Just another day in group paradise.



Until the next time,

John Strain

Tuesday
Aug122003

Waiting for the other shoe to drop



Last Thursday when I came home I noticed a little green post card in the mail. It was for one of those letters you have to sign for - one of those letters that is never good news. This one was addressed to my wife Barbara and it was sent from the Louisiana Licensed Professional Counselors Board of Examiners. The LPC board governs our counseling licenses.



My psychologist friend maintains nothing good ever comes by registered mail. He does a lot of custody cases and is always getting subpoenas and little green post cards in the mail. I thought about it once and realized I had never received good news either by way of registered mail.

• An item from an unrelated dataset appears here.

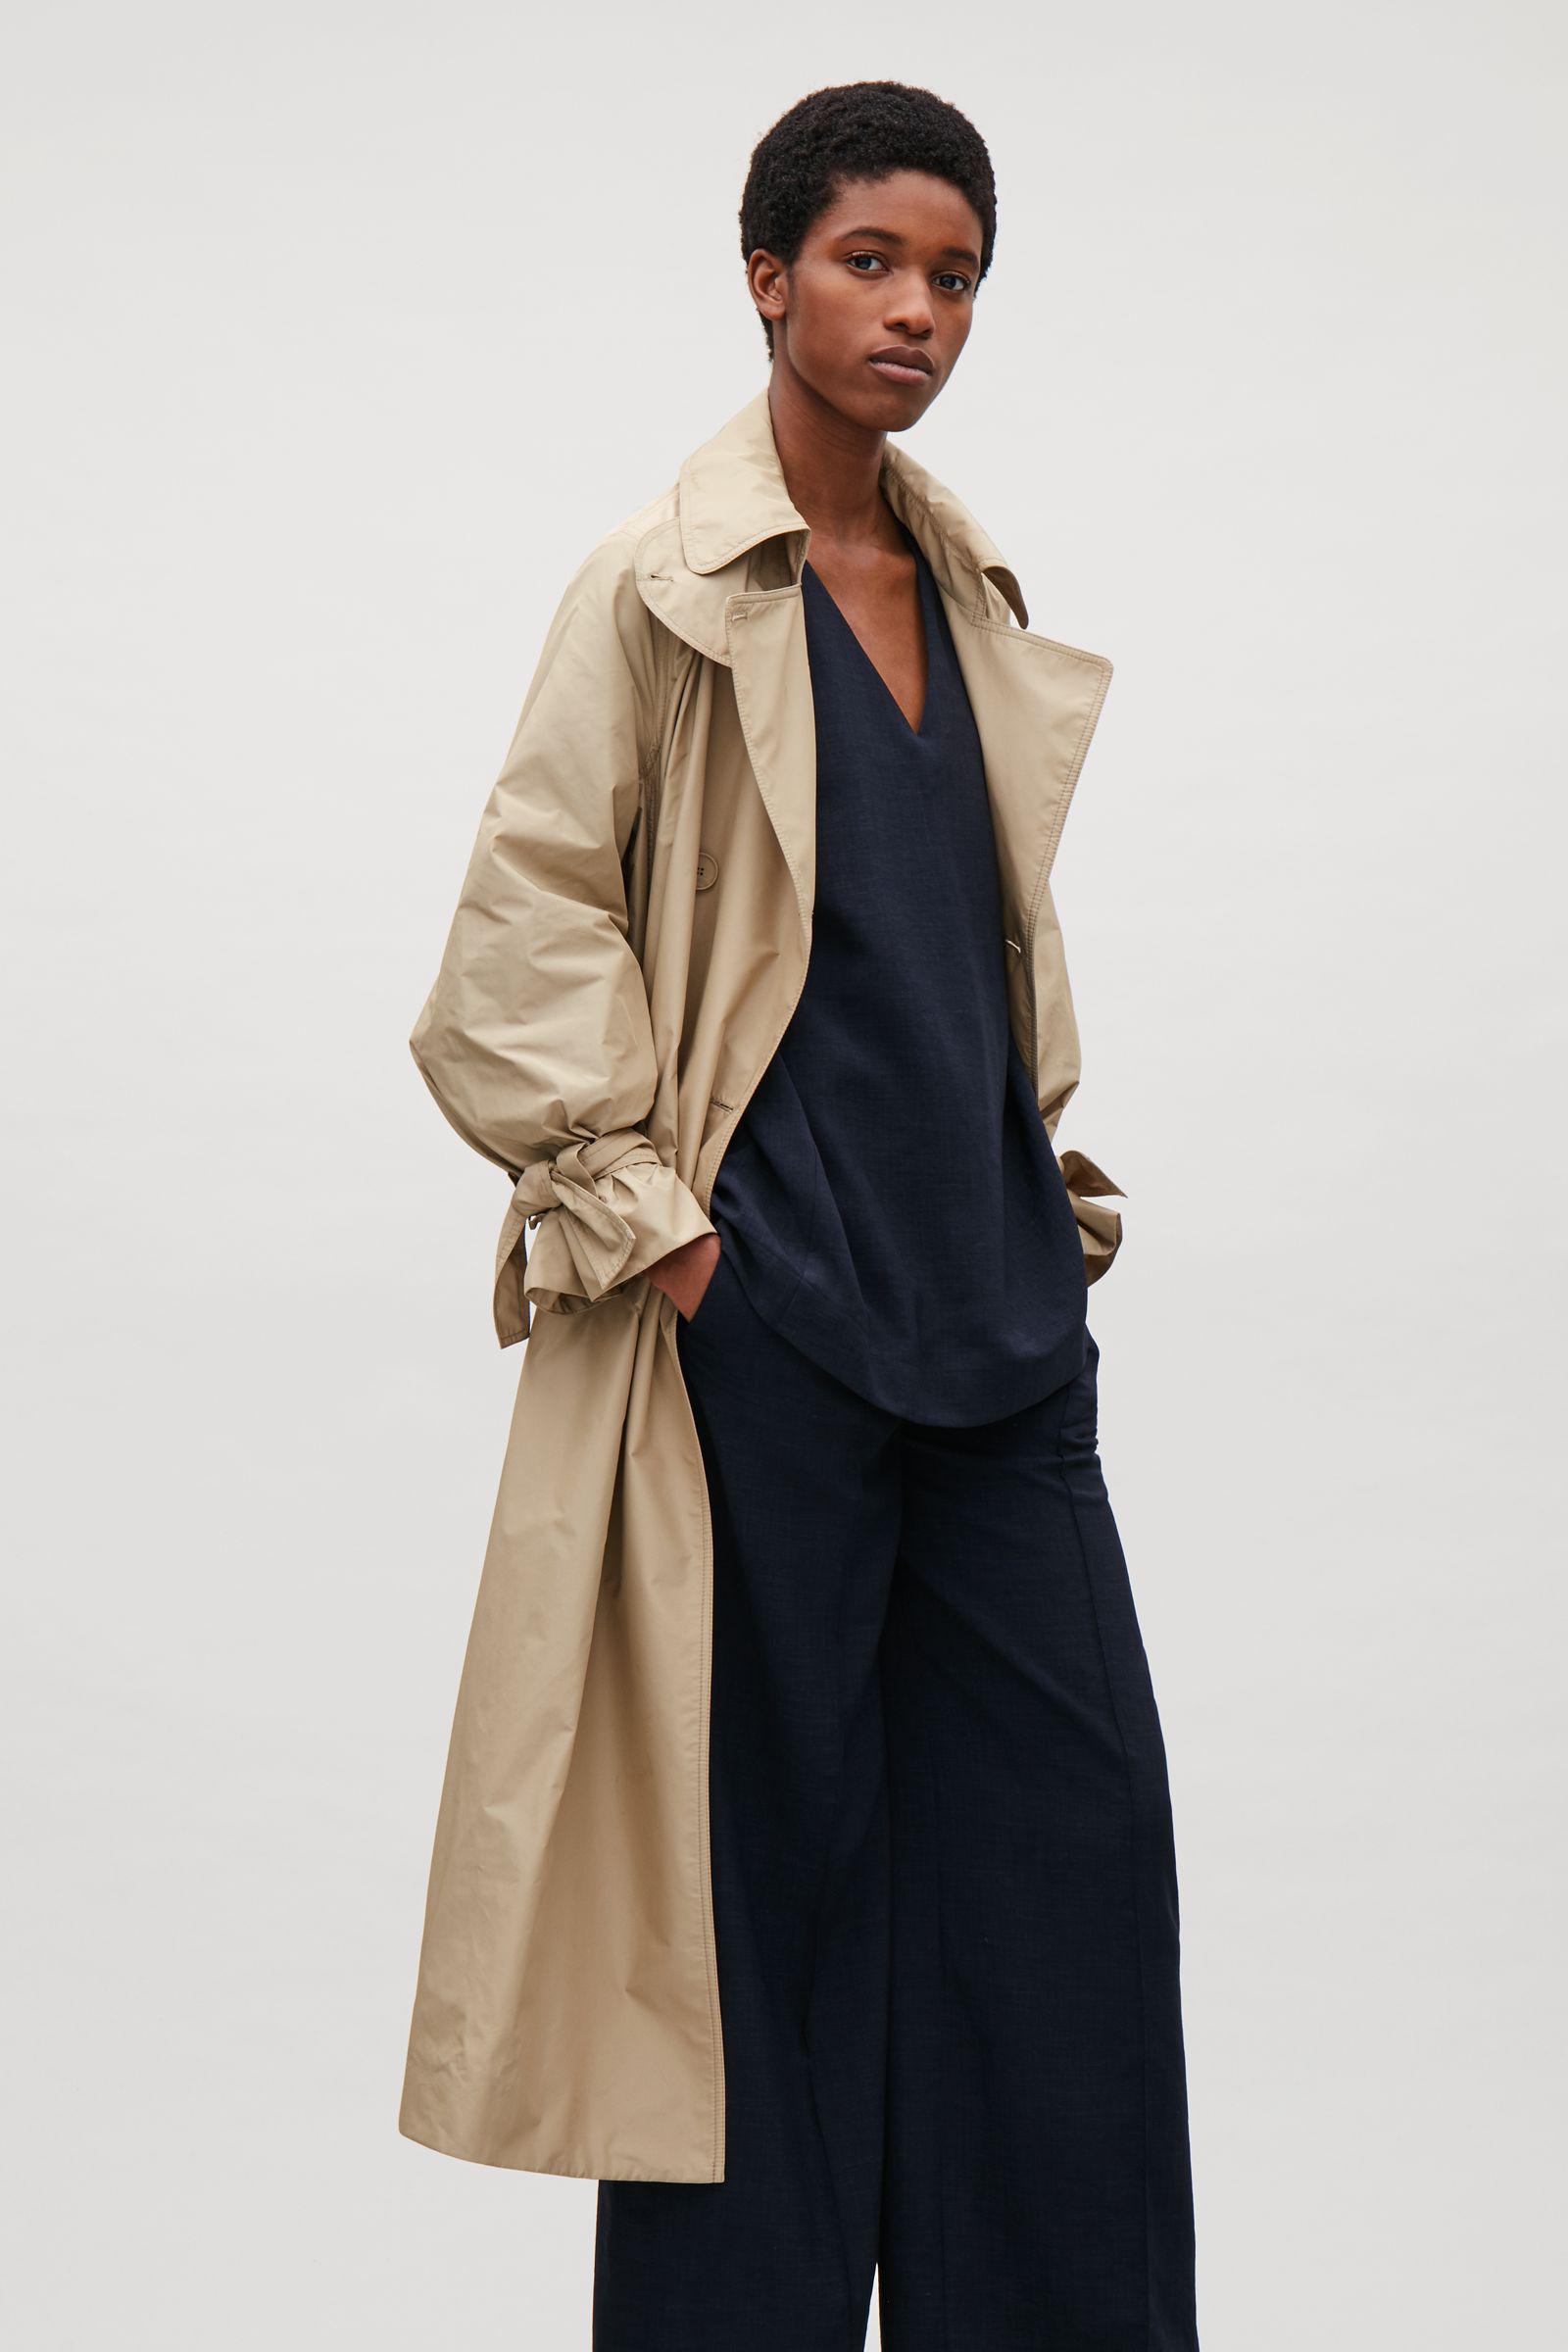 COS Synthetic Oversized Nylon Trench Coat in Sand (Natural) - Lyst

When I gave the card to Barbara, the look on her face told me she had never received good news by registered mail either.



The post office will tell you that registered mail is a good way to ensure your mail is received. The real reason is to nail someone’s ass to the wall or to cover your own ass with a paper trail.

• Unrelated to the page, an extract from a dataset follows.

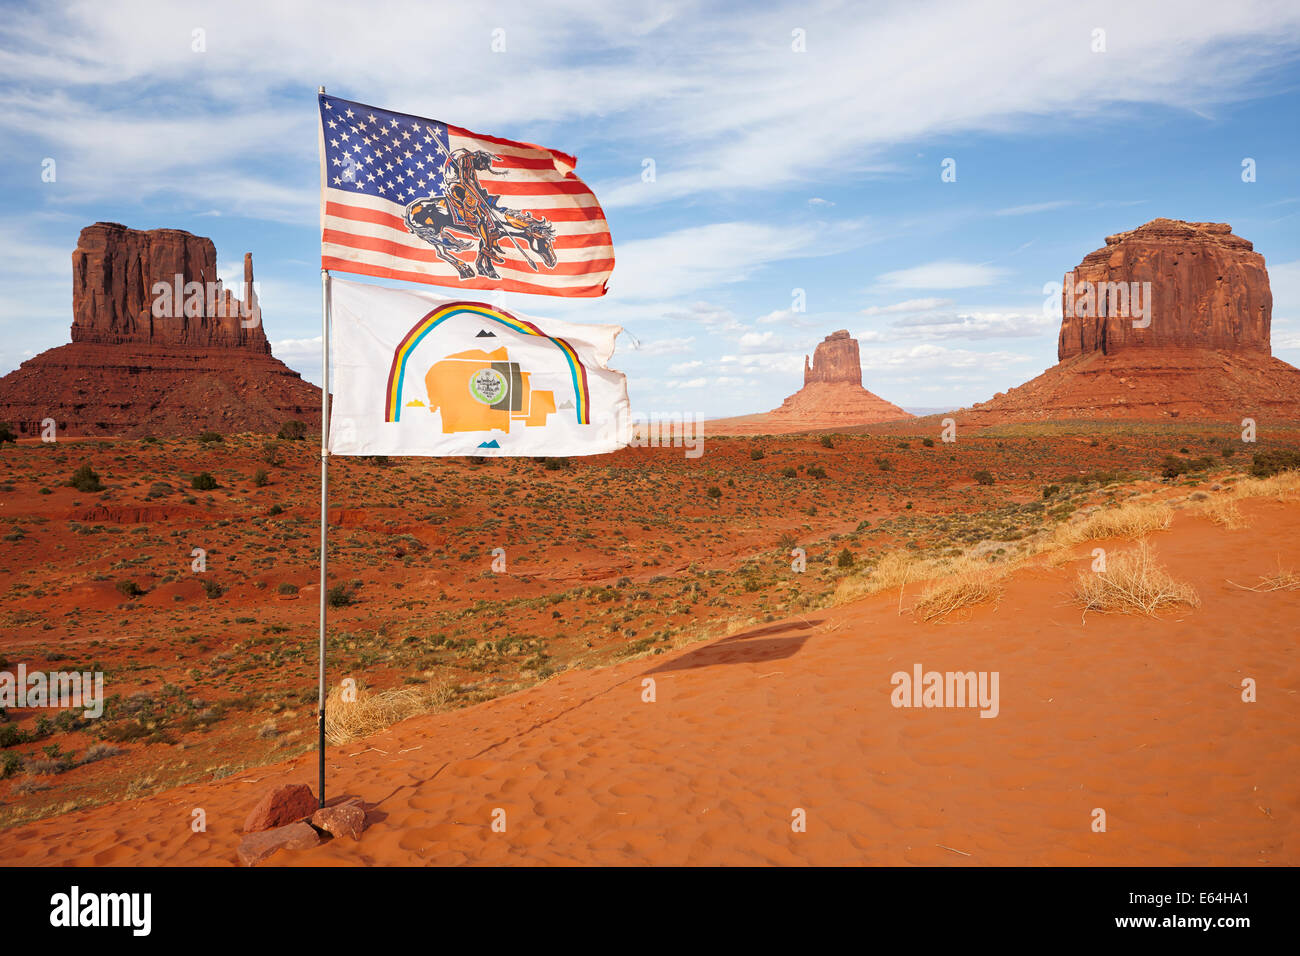 US flag and flag of the Navajo Nation flying together in Monument Valley Navajo Tribal Park. Arizona, USA. Stock Photo

It was after 5:00 PM and the post office was closed. Barbara would have to wait until tomorrow to learn the nature of her bad news. What could it be? Did she do something wrong? Did someone file a complaint? Her mind was off to the races considering scenarios of trouble and recompense. The common thread throughout her theories for the little green post card were of guilt and punishment. She knew she did something wrong and reckoning day was drawing nigh.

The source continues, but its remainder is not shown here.